Given information:
-- Opening Marker --
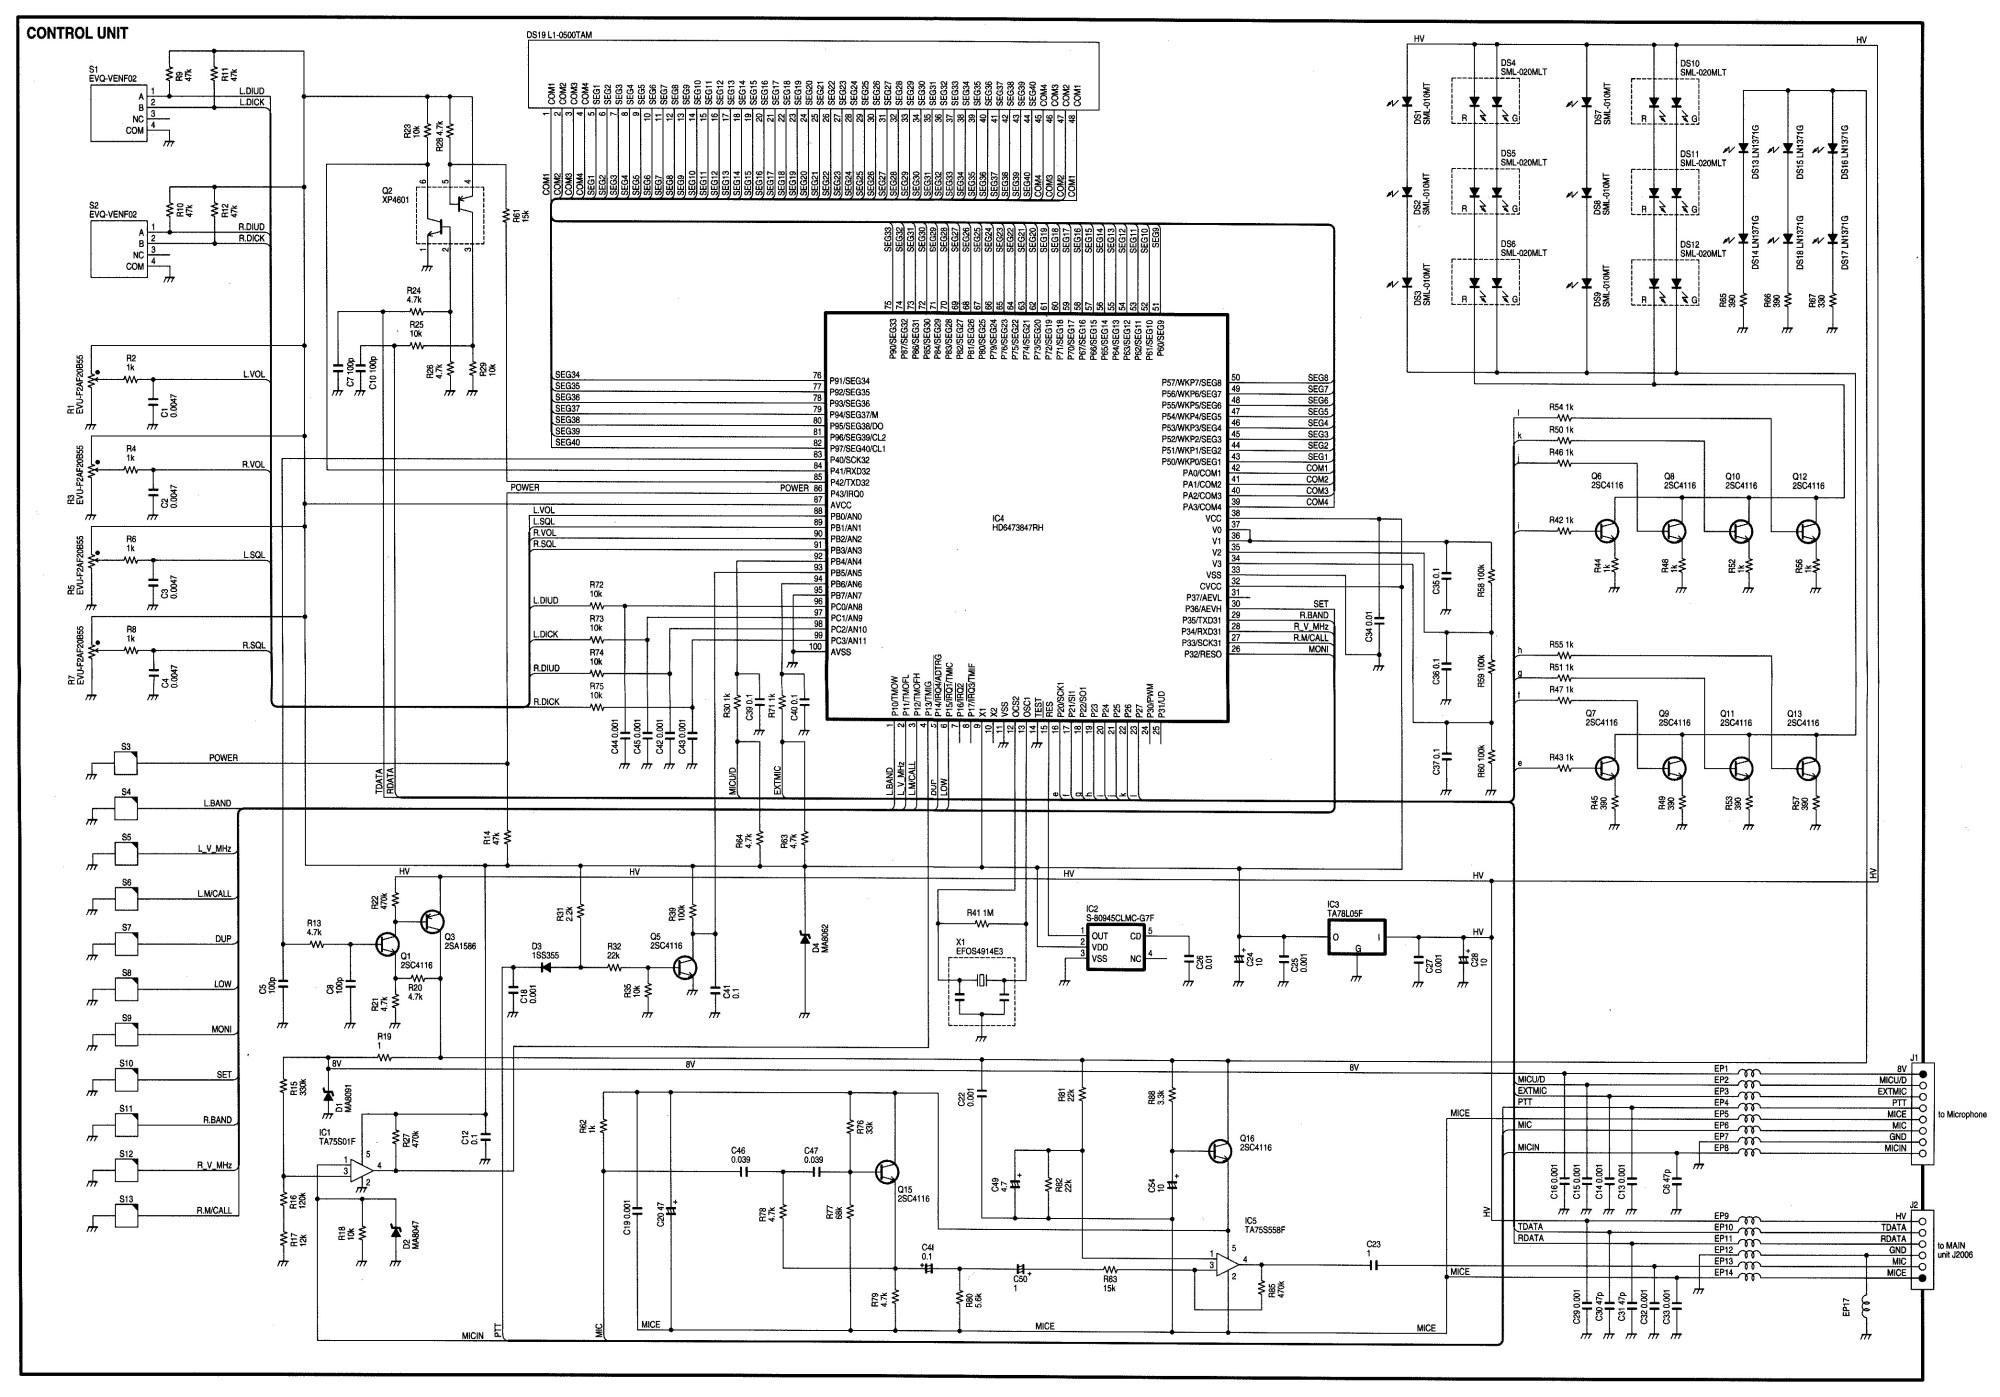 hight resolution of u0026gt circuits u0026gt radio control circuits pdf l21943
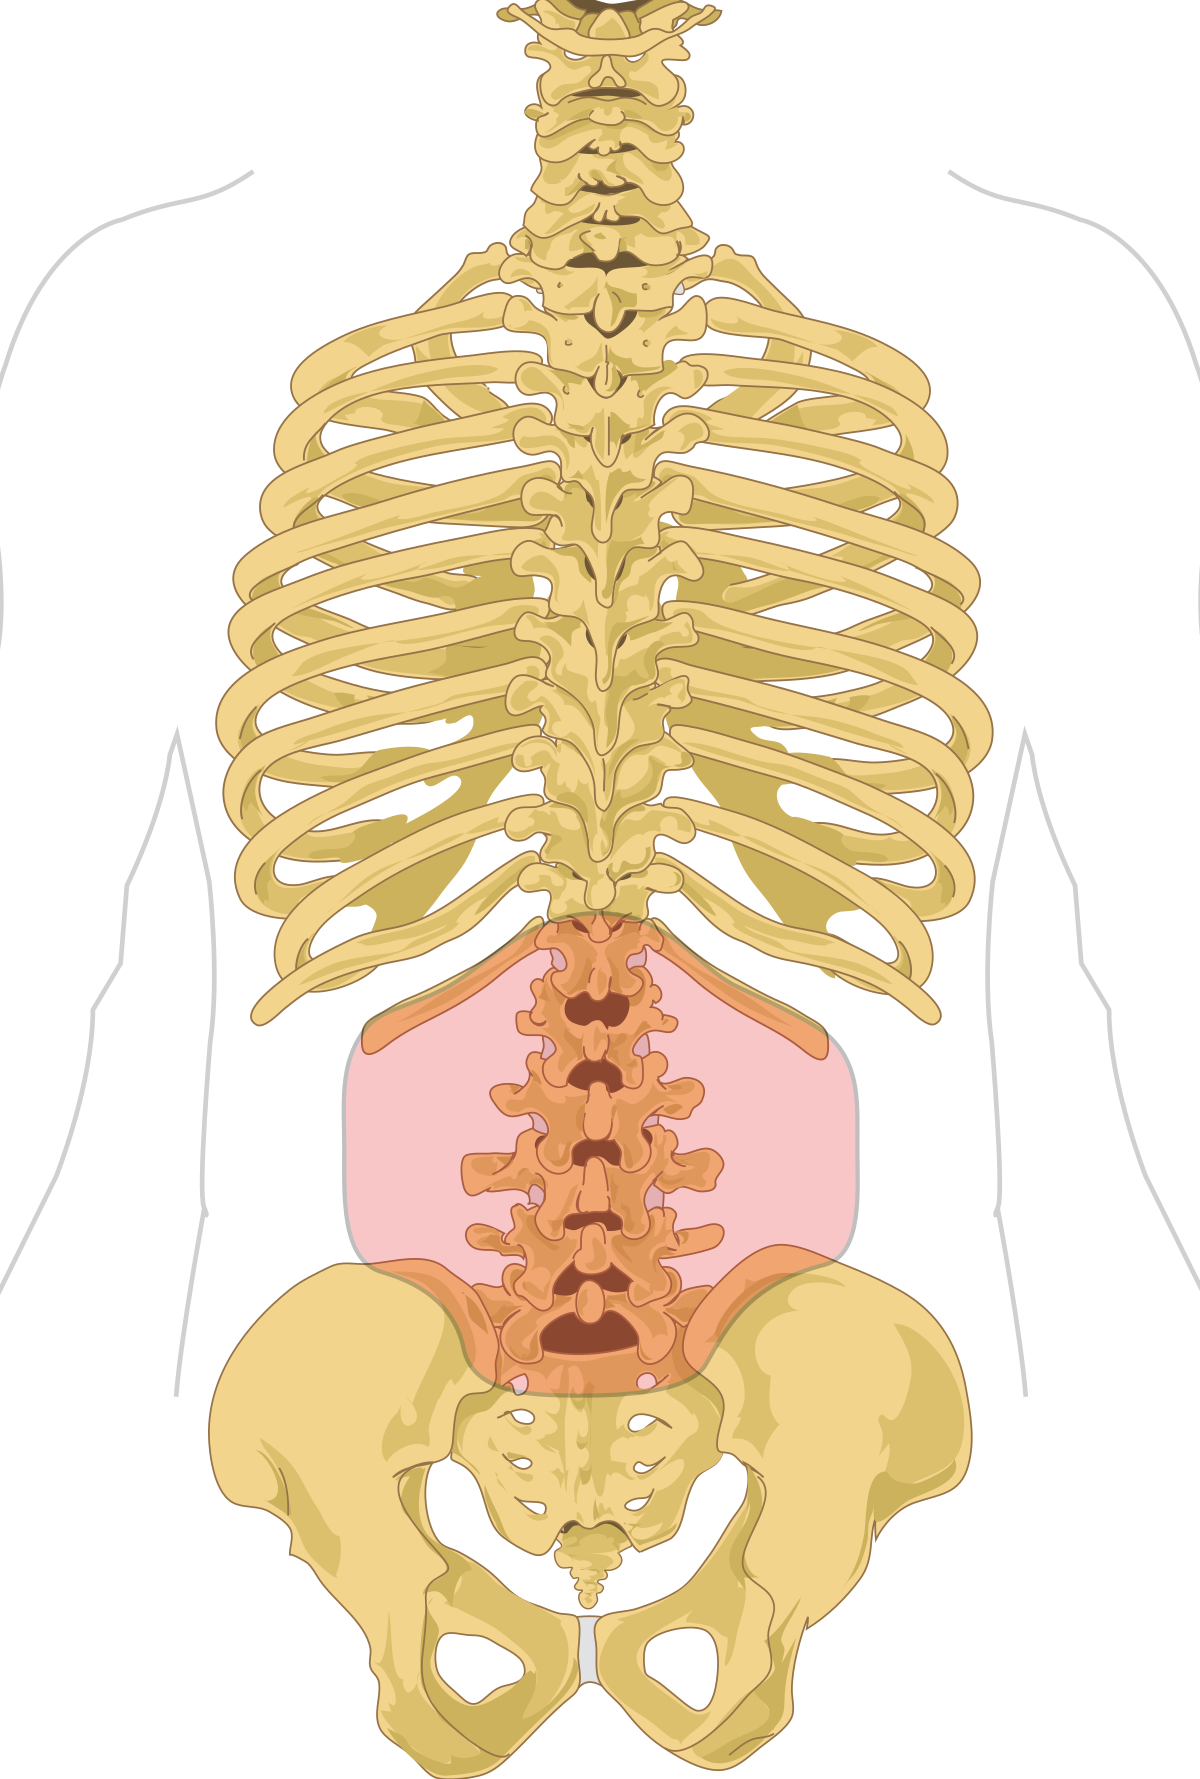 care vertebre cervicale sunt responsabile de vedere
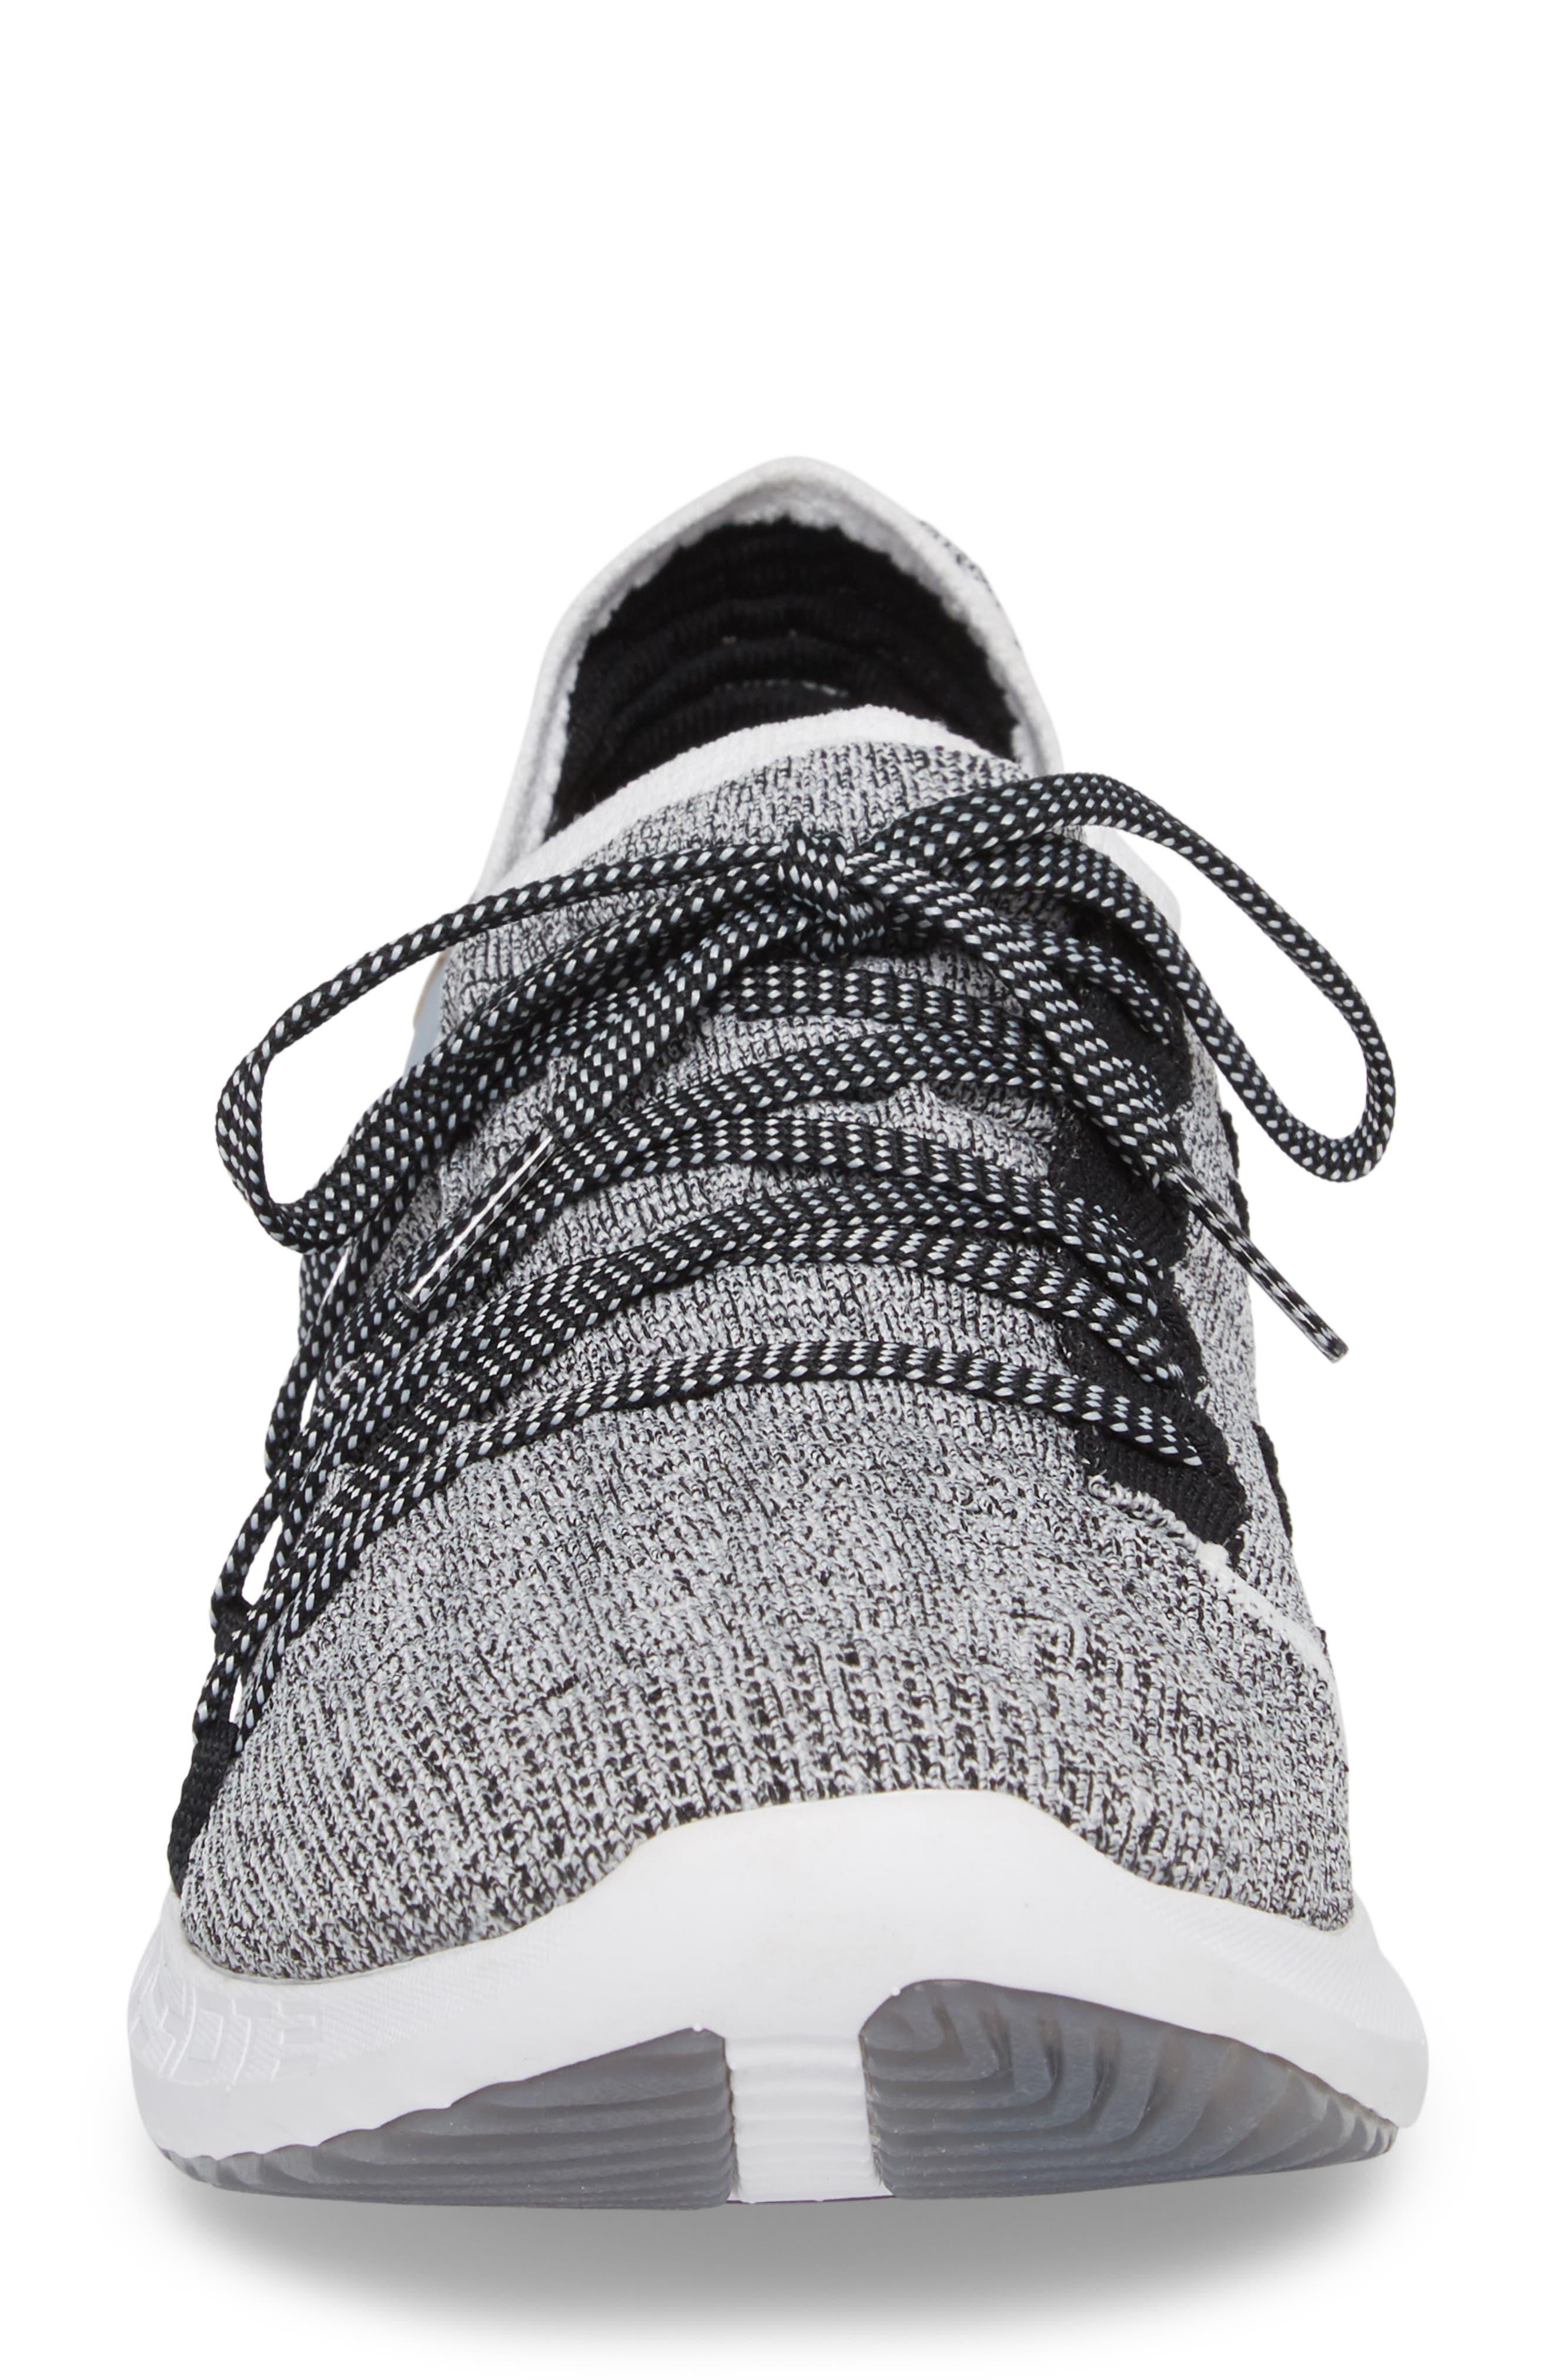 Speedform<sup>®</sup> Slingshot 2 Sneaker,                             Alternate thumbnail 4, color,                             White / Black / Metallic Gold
-- Closing Marker --
Leave the pictures out, and copy exactly each line from the one containing "care vertebre cervicale" through the final line of the data.

 care vertebre cervicale sunt responsabile de vedere
 Speedform<sup>®</sup> Slingshot 2 Sneaker,                             Alternate thumbnail 4, color,                             White / Black / Metallic Gold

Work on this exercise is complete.